Irish doctor’s arthritis treatment gaining acceptance

(by Ed Moloney, Sunday Tribune)

Arthritis victims can enjoy as much as a 50% annual reduction in pain as a result of regularly taking the Irish-based Collins Arthritis Treatment, according to an independent statistical study prepared for last week’s international GP’s conference, the World Organisation of National Colleges and Academies (WONCA) held in Dublin.

The study, the first attempt at a systemic examination of a treatment which has been available in Ireland for nearly forty years, shows that people suffering from osteo-arthritis who take the treatment on a monthly basis have on average a 54% reduction in pain in the first year. Osteo-arthritis is the most common form of the disease with an estimated 200,000 victims in Ireland.

For victims of rheumatoid arthritis, the most crippling variety of the disease, the average annual improvement is less, but at 30% in the first year still represents a significant reduction in pain. Rheumatoid arthritis affects women up to four times as much as men and usually strikes in early middle age.

The study, which was based on data collected from 16 GP’s administering the treatment in Ireland over a twelve month period, was conducted by Dr Marie Reilly, the Director of the Consulting Centre at the Department of Statistics, UCD.

“Although this was an observational study rather than experimental the results were very encouraging”, she said last week. “I think it gives a huge impetus to the demand for a clinical trial”. She added that a longer study would be necessary to determine whether the annual improvement rates continued or levelled off.

The study was based on the experiences of 460 patients between May 1997 and May 1998 and used recognised subjective methods of pain measurement and evaluation by both patients and physicians. Between them, the patients made 1,567 visits for treatment, and the study shows that their doctors estimated there had been improvements in 79.1% of the visits for osteo-arthritis patients and 64.1% for those with rheumatoid arthritis.

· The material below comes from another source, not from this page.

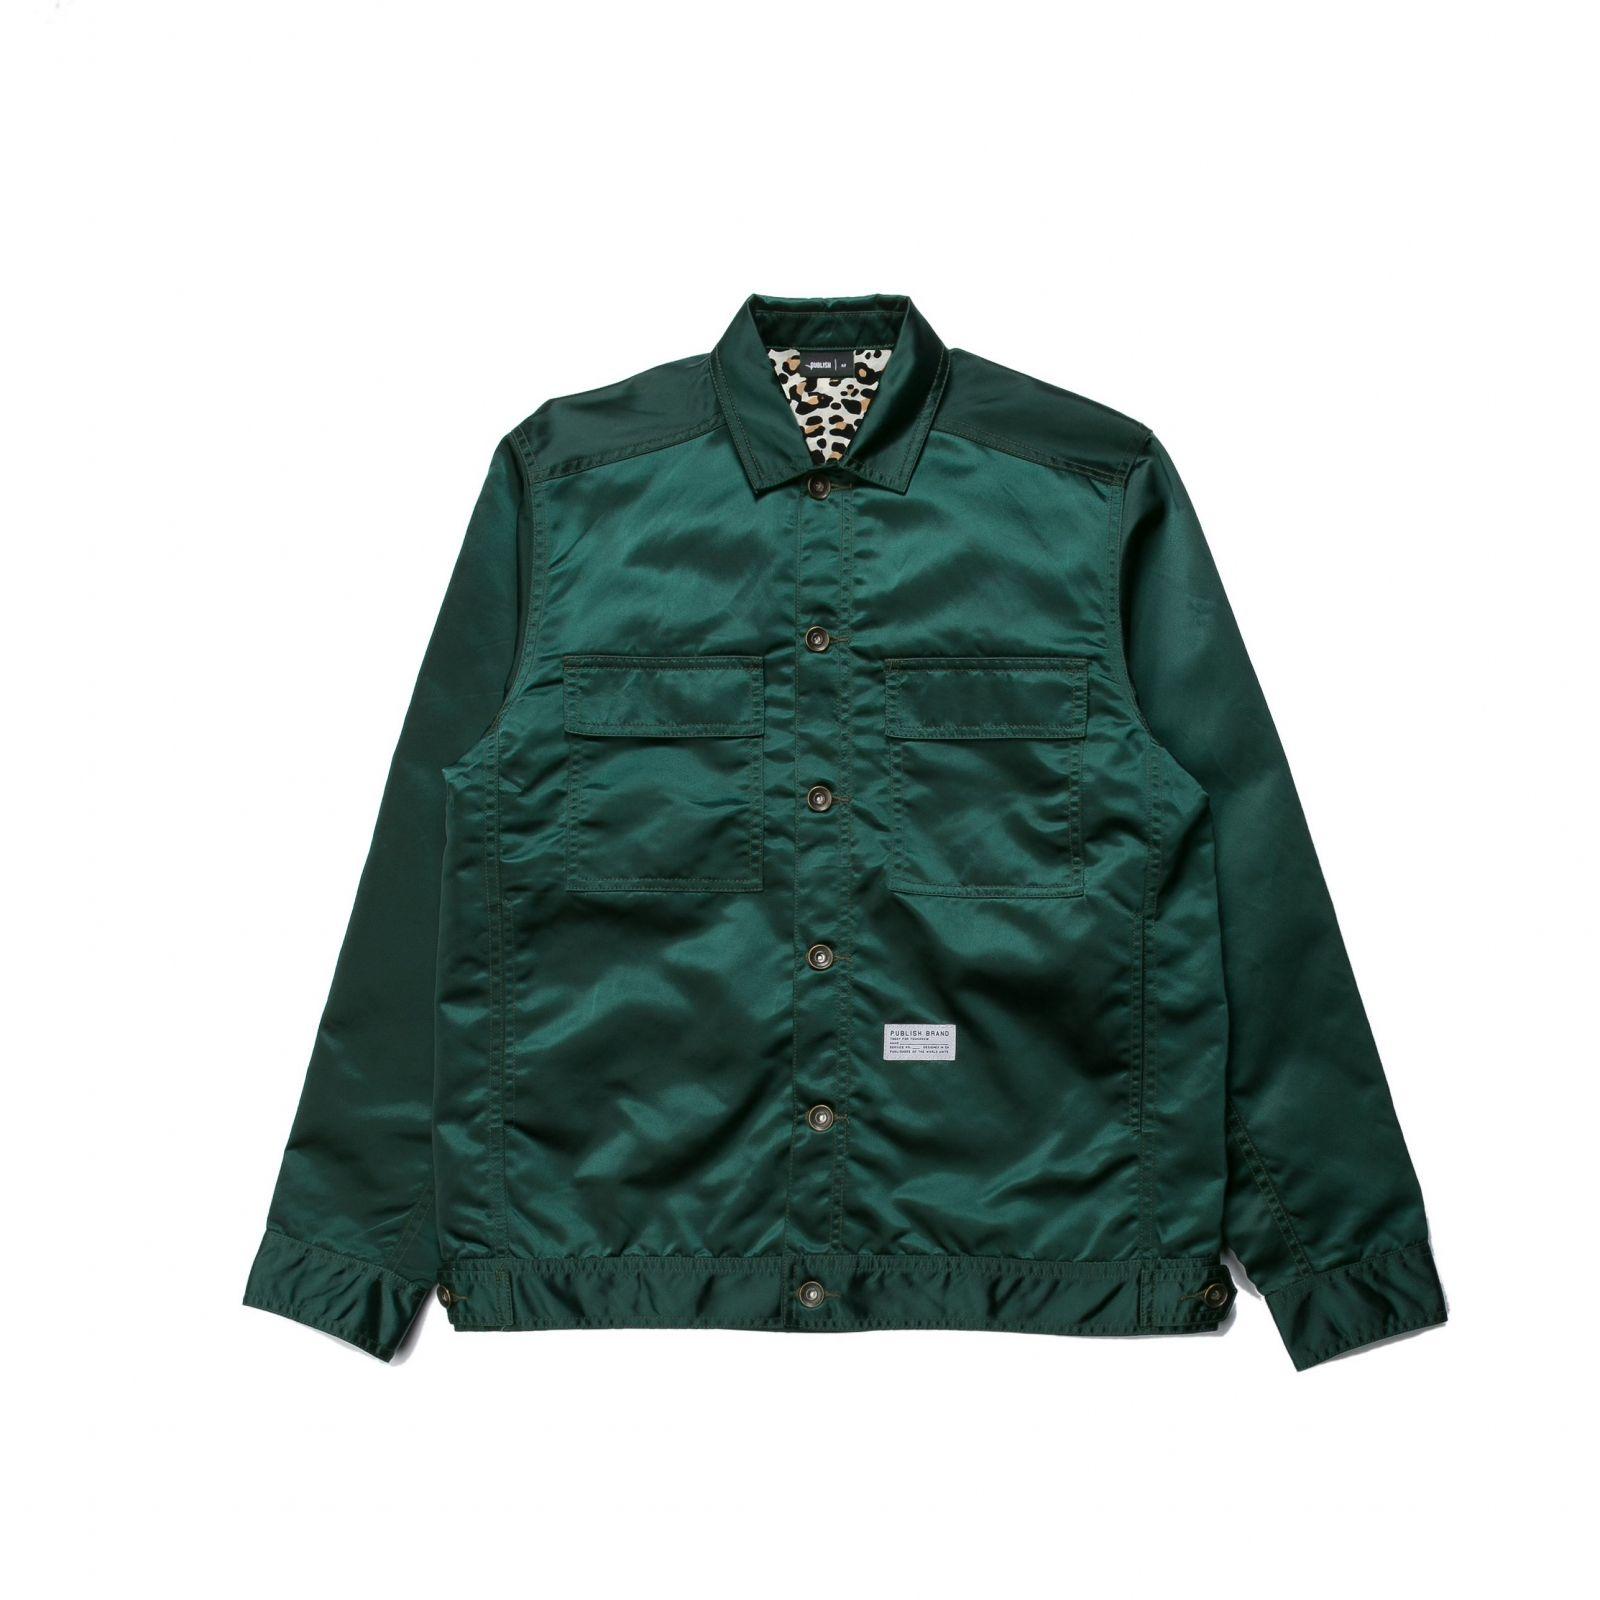 【PUBLISH BRAND/パブリッシュブランド】GLAZE ナイロンワークジャケット / GREEN
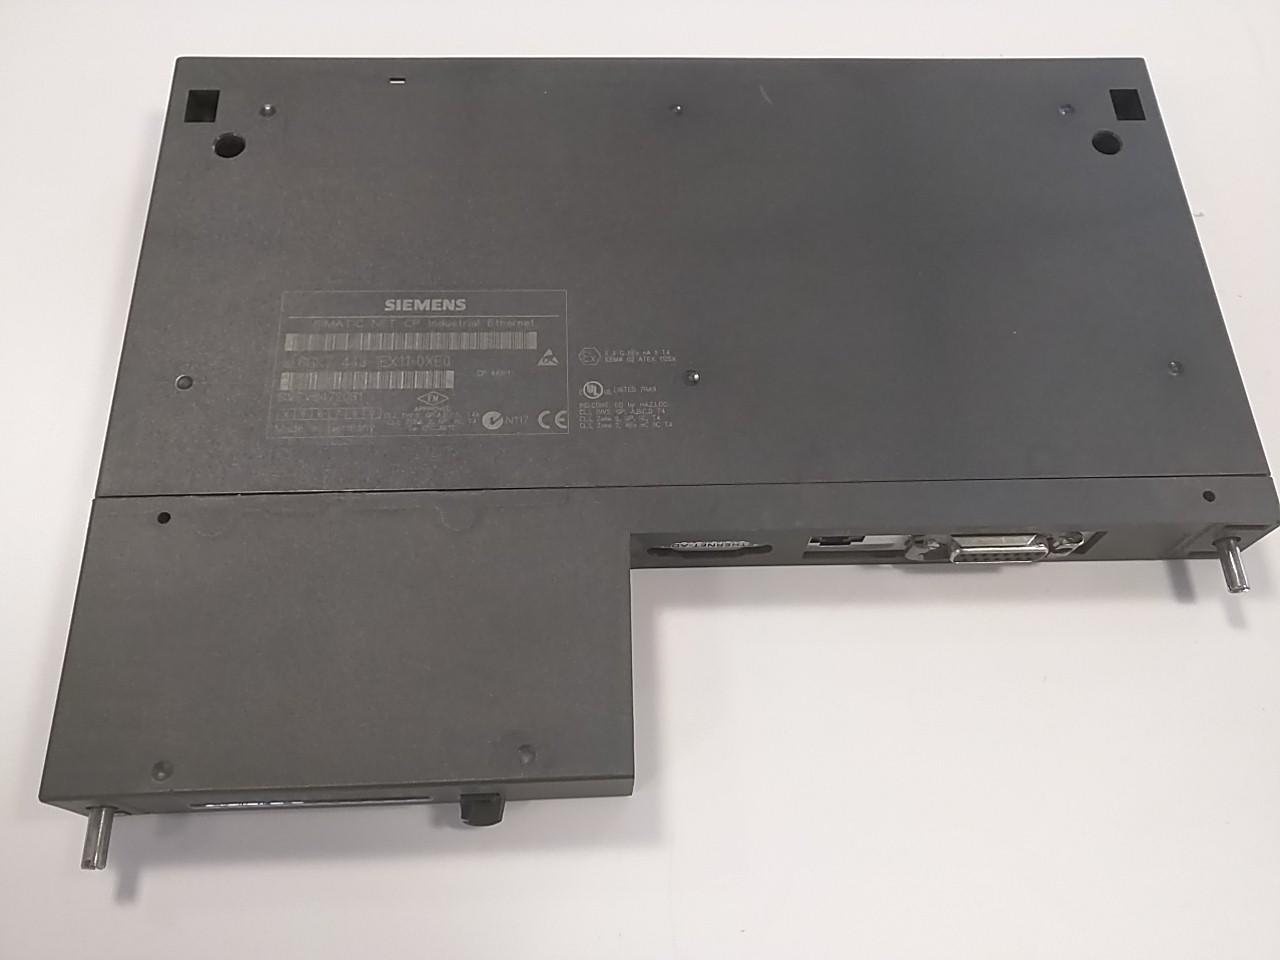 Siemens cpu 414 4 h 1

In the case of rheumatoid arthritis victims inflammatory changes in the blood were also measured and these appeared to show an average 25% annual reduction in the first year of treatment.

The Collins Treatment was developed by a Lucan-based doctor, Patrick Collins in the 1950’s and was carried on by his three sons, all doctors, after his death. The surviving son Maurice Collins has for the last few years been attempting to get clinical trials for the treatment. The former Tánaiste Dick Spring has given his support to the calls.

The treatment is based on the local anaesthetic drug, Procaine which was once widely used by dentists. The Procaine is diluted and a small amount is smeared on the skin, the size of the dose being determined by the variety of arthritis.

How the treatment works remains a medical mystery but its popularity has spread; some 35 GP’s in Ireland and Britain now administer the treatment. A major advantage of the treatment over conventional medicine is that it has no known side effects and apparently is effective for the entire family of arthritis diseases.

In a story that comes out of Hidden Ireland thousands of people have taken the treatment over the years but it never, until recently, had any public profile. One major reason for this was the unremitting hostility of the rheumatolgy establishment although there is evidence that this may now be softening.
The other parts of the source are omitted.